Well i keep changing my mind as to what i want and hopefully The hobby community can help me decide. First i was looking at the G0704 for reasons of cost and seems to be an all around good small type mill. I then discovered the PM25 with the added belt drive and great customer server, jsut a few hundred more it seems reasonable. Now i see the Pm727 which has a little more weight and rigitity, i want to get the biggist practical machine i can afford. And lastly im seeing Bolton tools with there zx45 for ~$1,700 which looks like its on discount and now i have no idea what the best offer would be. Or why the Bolton in 1700 when all other clones seem to be much more.

HELP!!!

-Kevin


----------



## wrmiller (Aug 29, 2016)

The PM727 is a known entity here on h-m, and comes with great service before and AFTER the sale.
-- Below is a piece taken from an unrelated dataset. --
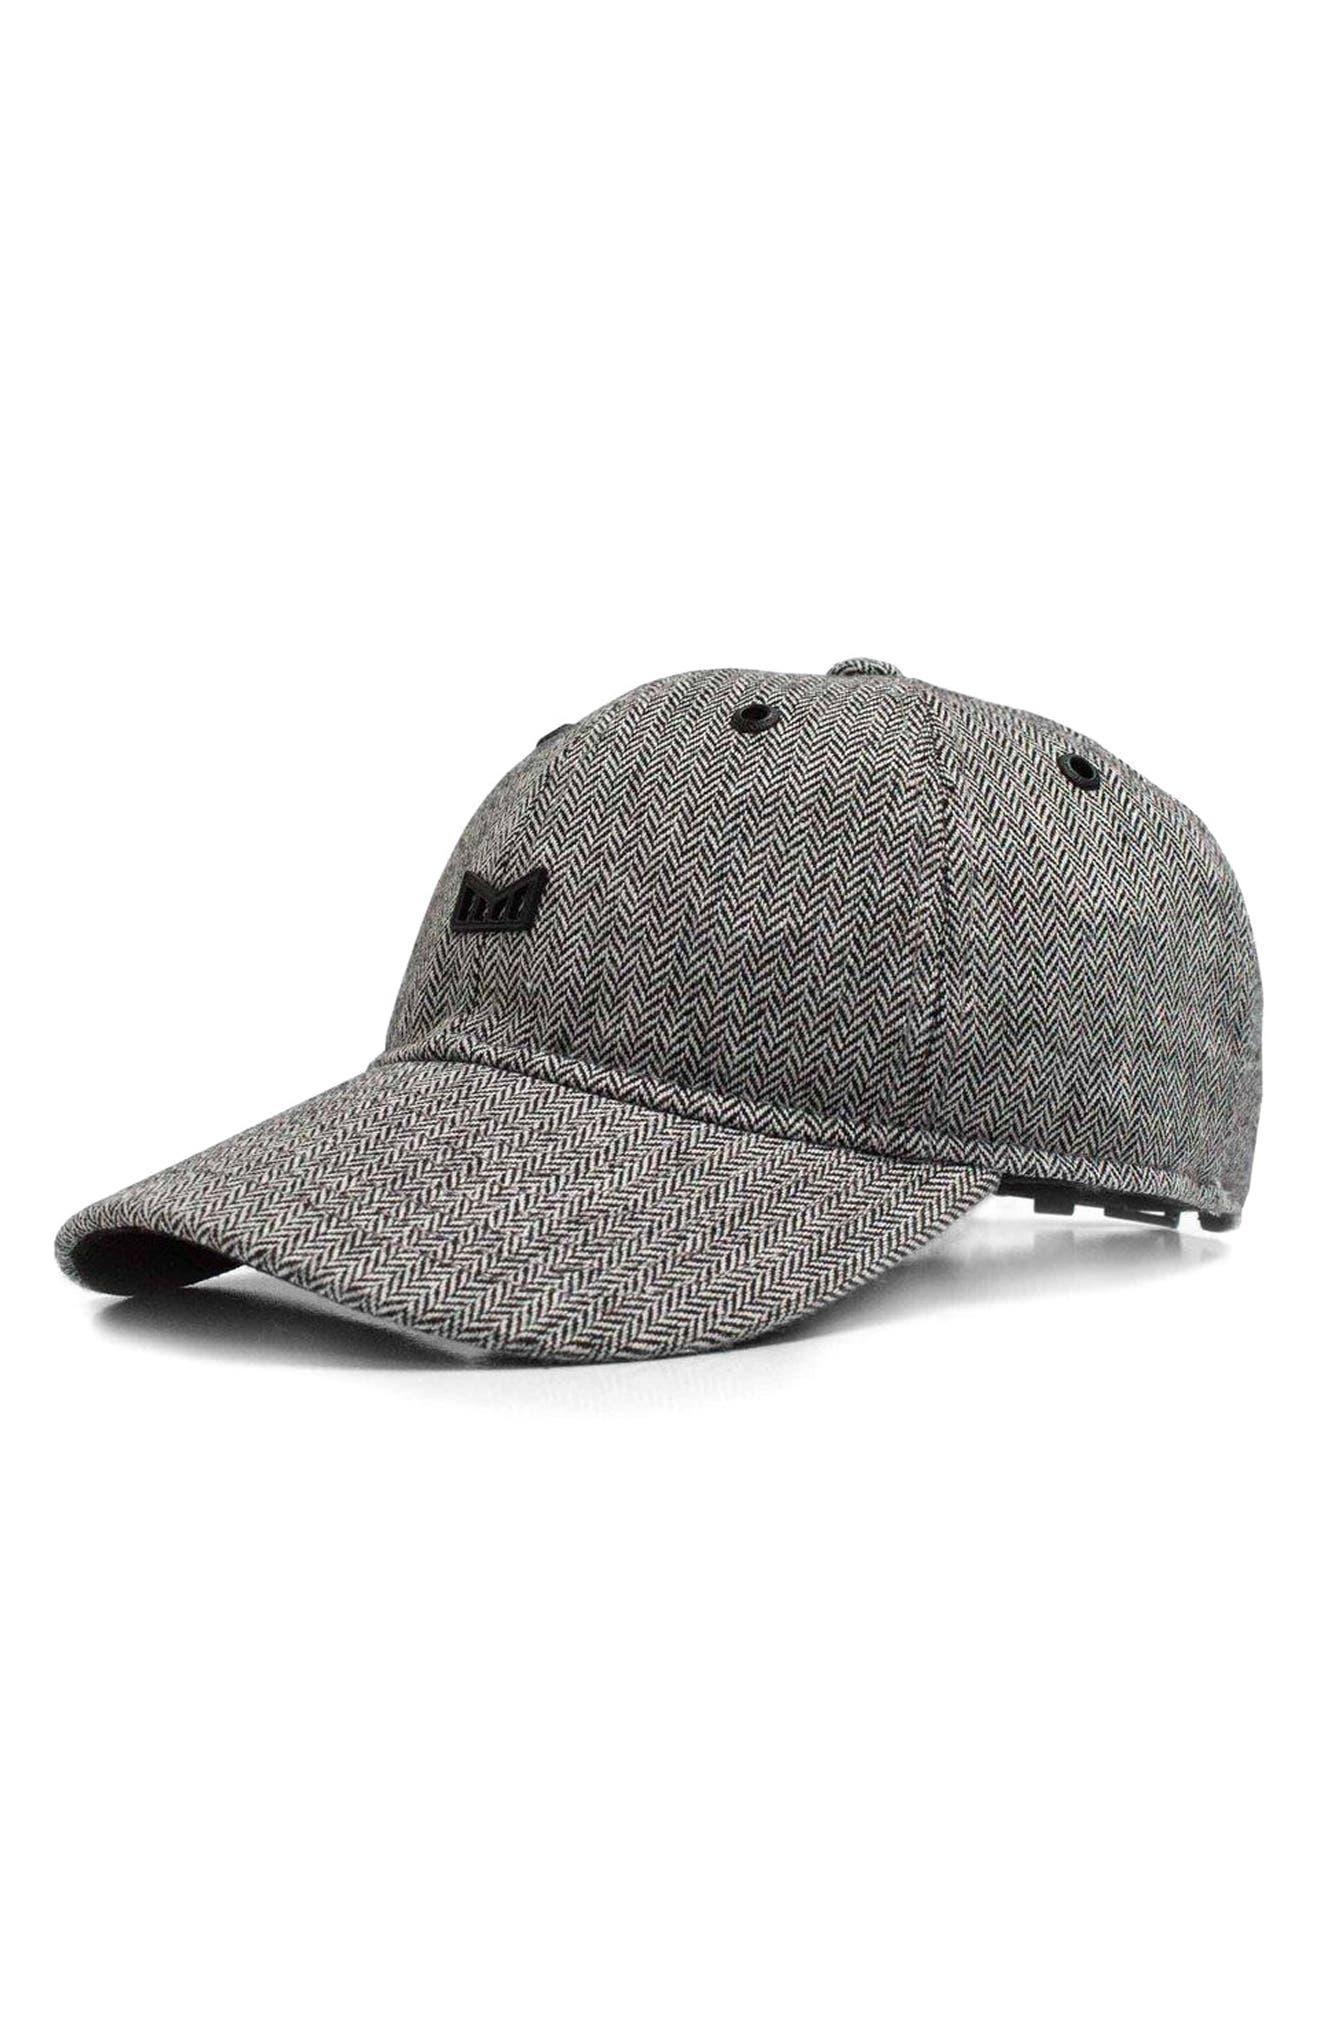 Melin Skunked Baseball Cap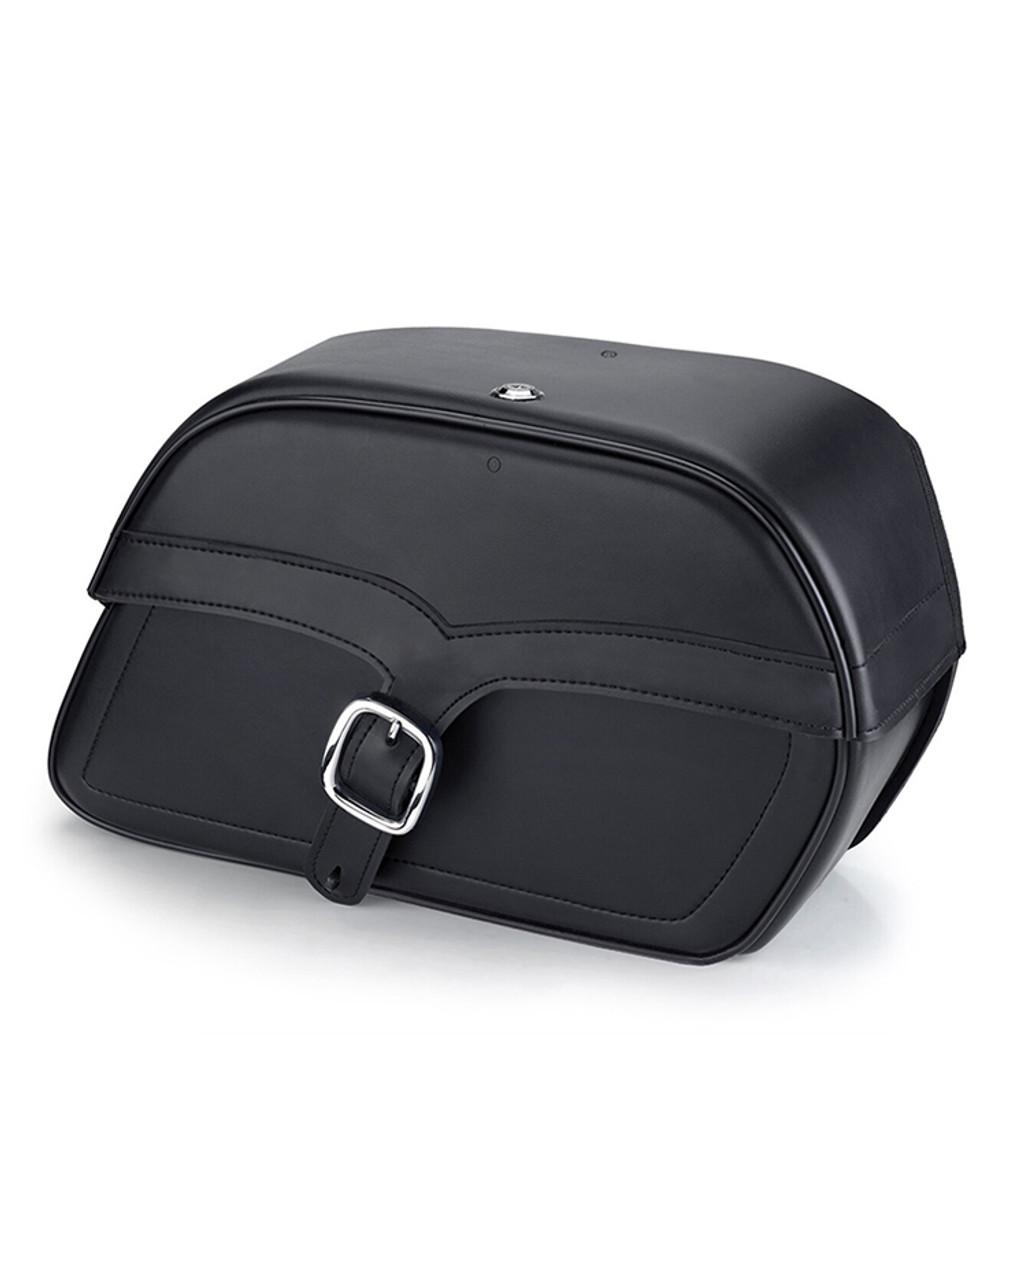 Honda 1100 Shadow Sabre Charger Single Strap Large Motorcycle Saddlebags bag view

Bolton? I have no idea. But if a deal sounds too good to be true...it probably is. You get what you pay for (or pay for what you get). Just my opinion, but I'd rather go with someone who is known to have good product and good service. YMMV...


----------



## Kccurry86 (Aug 29, 2016)

Thank you wrmiller, ive heard so many good things about PM, i just need to exhaust all my questionst to the Vet's before i pull the trigger.


----------



## mksj (Aug 30, 2016)

I agree with Bill, the Bolton is an unknown, there have been a few posting on their machines that I have come across, usually just ok. I believe there are better choices, and it is all about the follow-up and if needed, getting something fixed under warranty.  The ZX45 looks decent (generic RF clone mill) and it is a killer price, and there are a few positive reviews on their site. But I have no idea of the specs, warranty and service.  It is also all about the details of the machine and how it works once you get it. Had this experience before, and it was a can of worms until I could get it all sorted out.


----------



## TomS (Aug 30, 2016)

Take a look at the PM-932.  It's more comparable to the ZX45 than the PM-727 size wise.  I've had my 932 for about two years and have no complaints.  For info my power feed died about a month ago and Matt took care of replacing it.  No questions asked, just send the broken one to him and he sent me another.  

Tom S.


----------